* [The data]

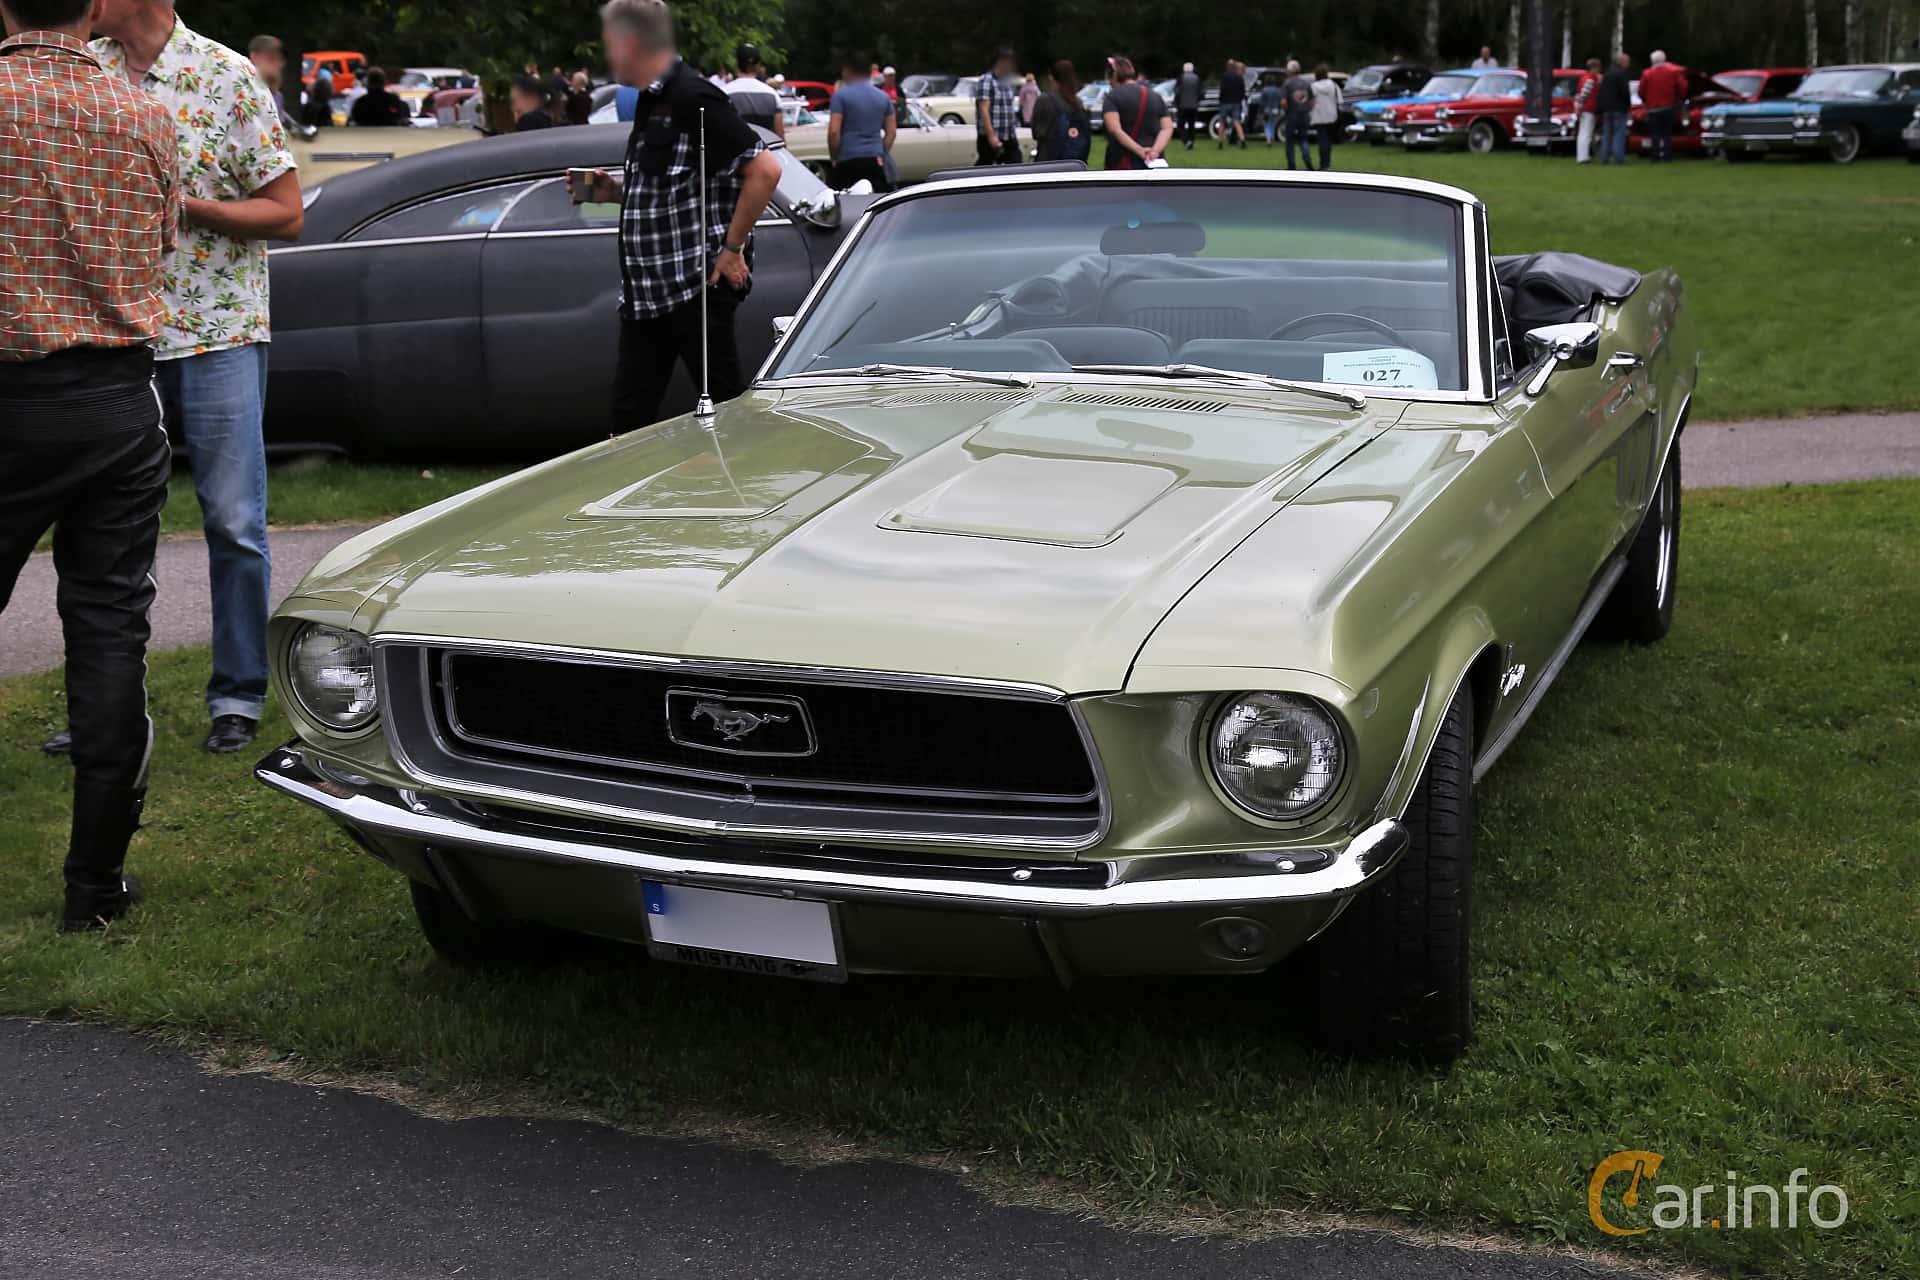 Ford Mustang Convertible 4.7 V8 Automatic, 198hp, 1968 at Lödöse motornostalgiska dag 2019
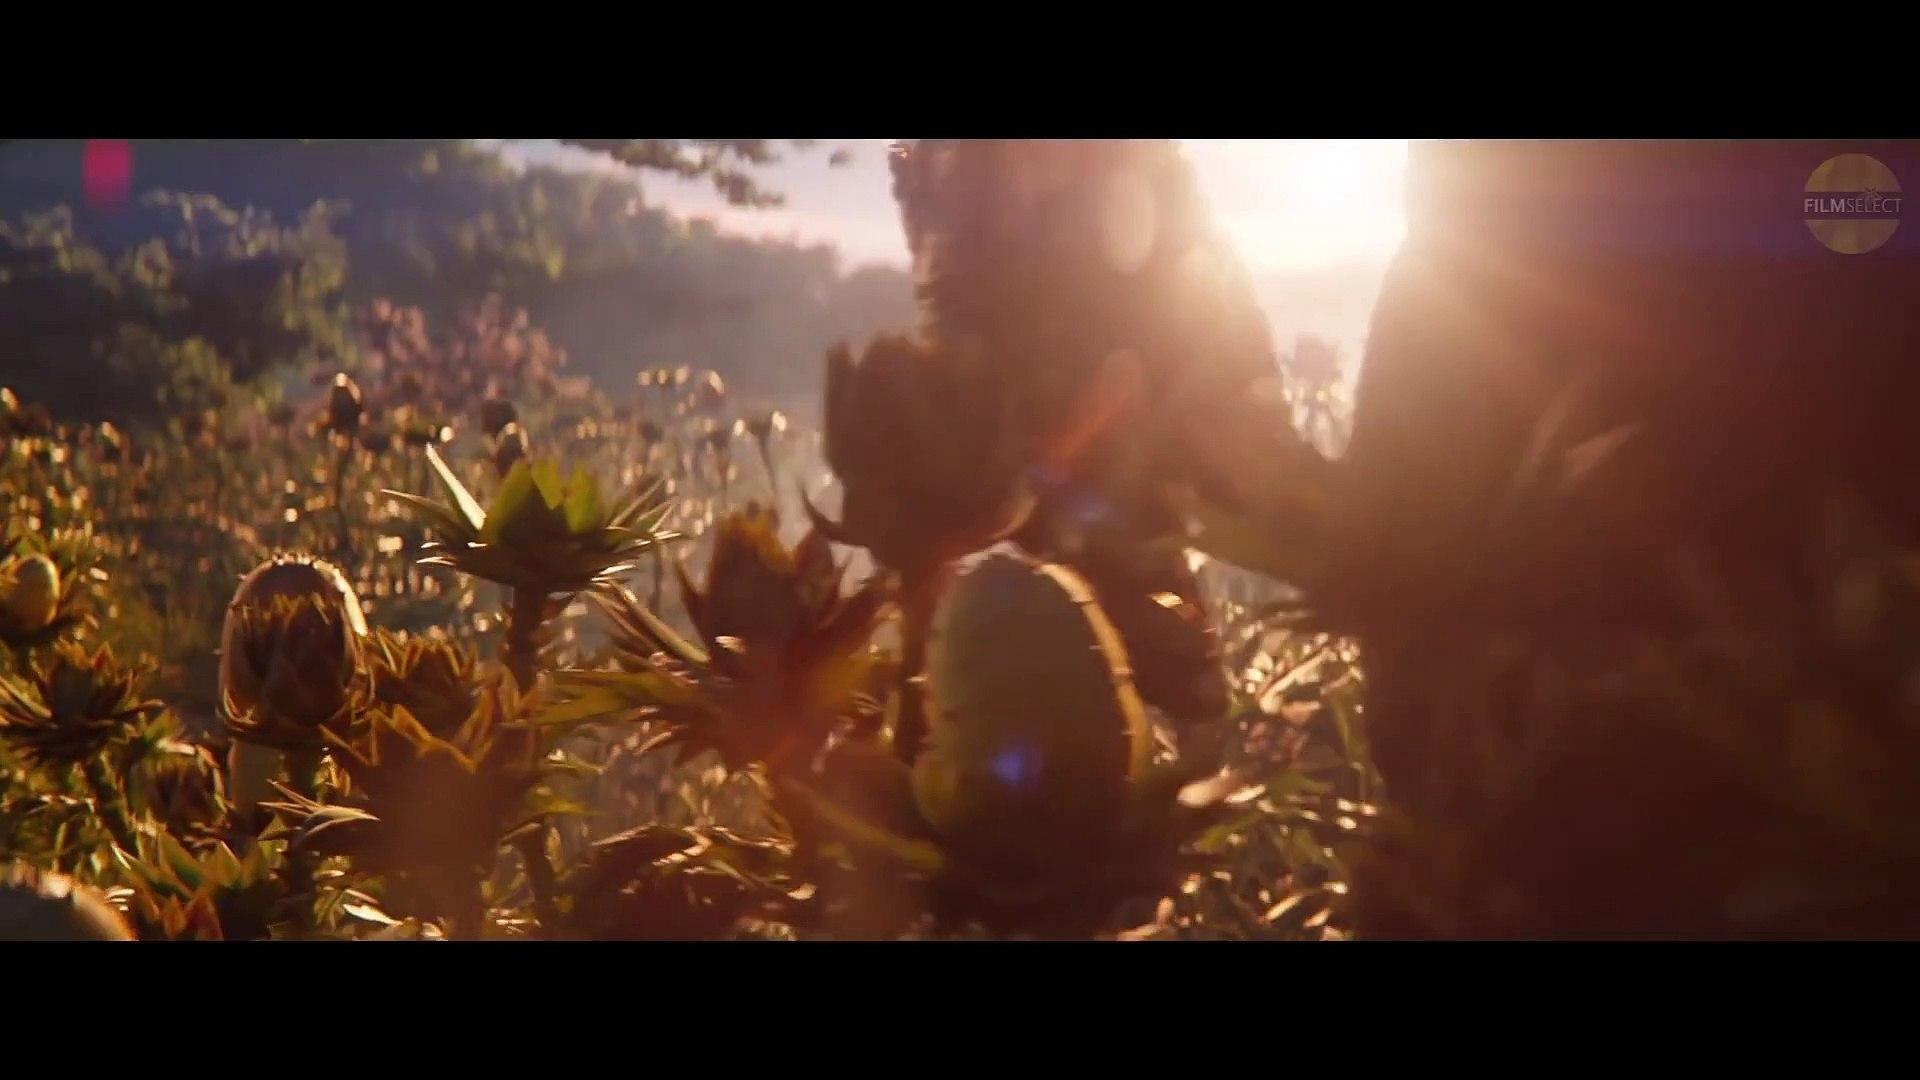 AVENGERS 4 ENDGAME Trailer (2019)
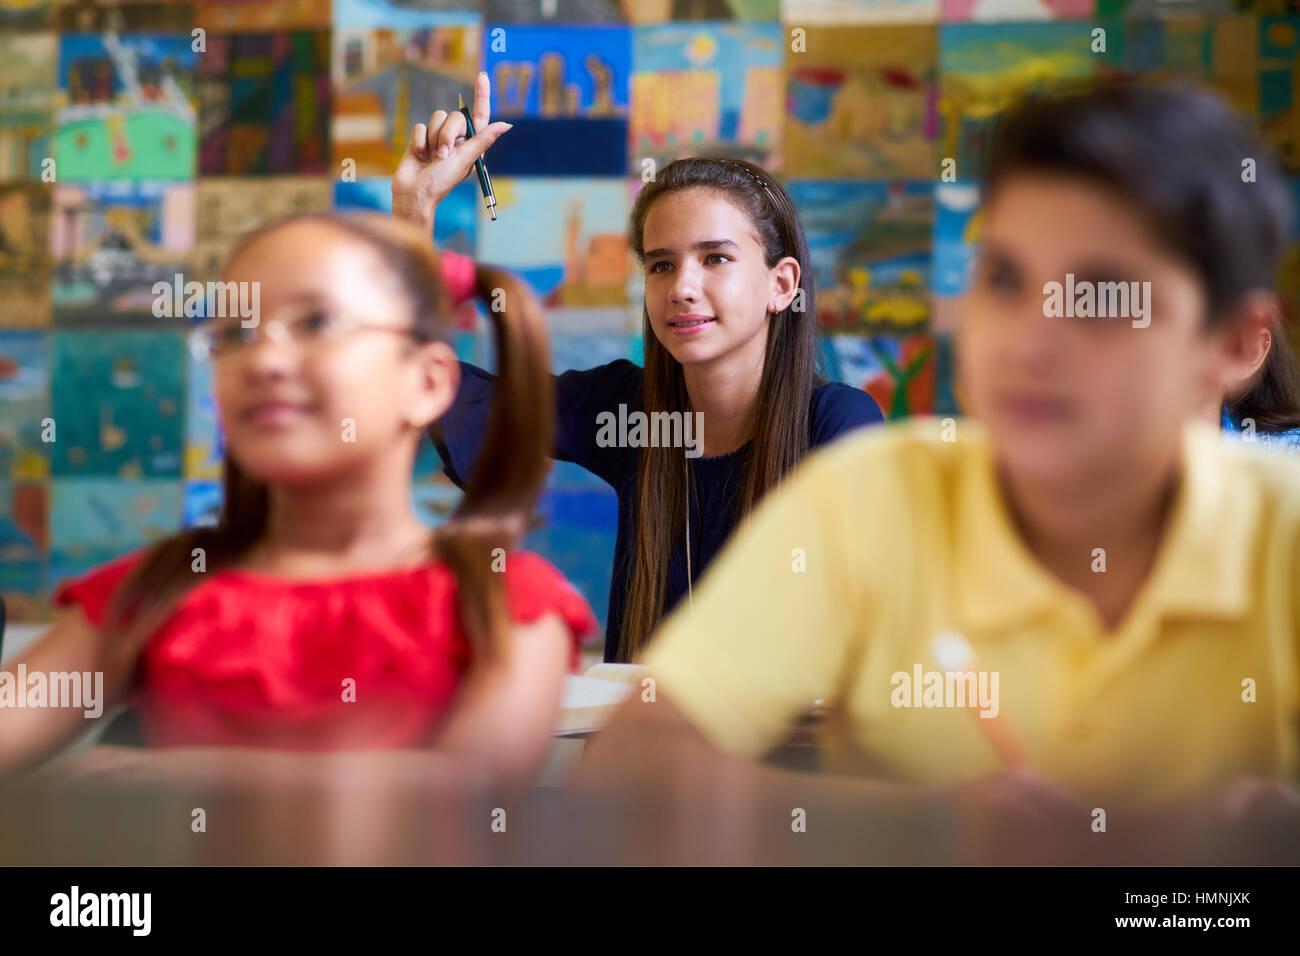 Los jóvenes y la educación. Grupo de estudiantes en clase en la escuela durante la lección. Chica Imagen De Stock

* [Exercise requirements] Exactly as given, set down each line of the material, but include no pictures.

* [Result of this task]
 Ford Mustang Convertible 4.7 V8 Automatic, 198hp, 1968 at Lödöse motornostalgiska dag 2019
 AVENGERS 4 ENDGAME Trailer (2019)
 Los jóvenes y la educación. Grupo de estudiantes en clase en la escuela durante la lección. Chica Imagen De Stock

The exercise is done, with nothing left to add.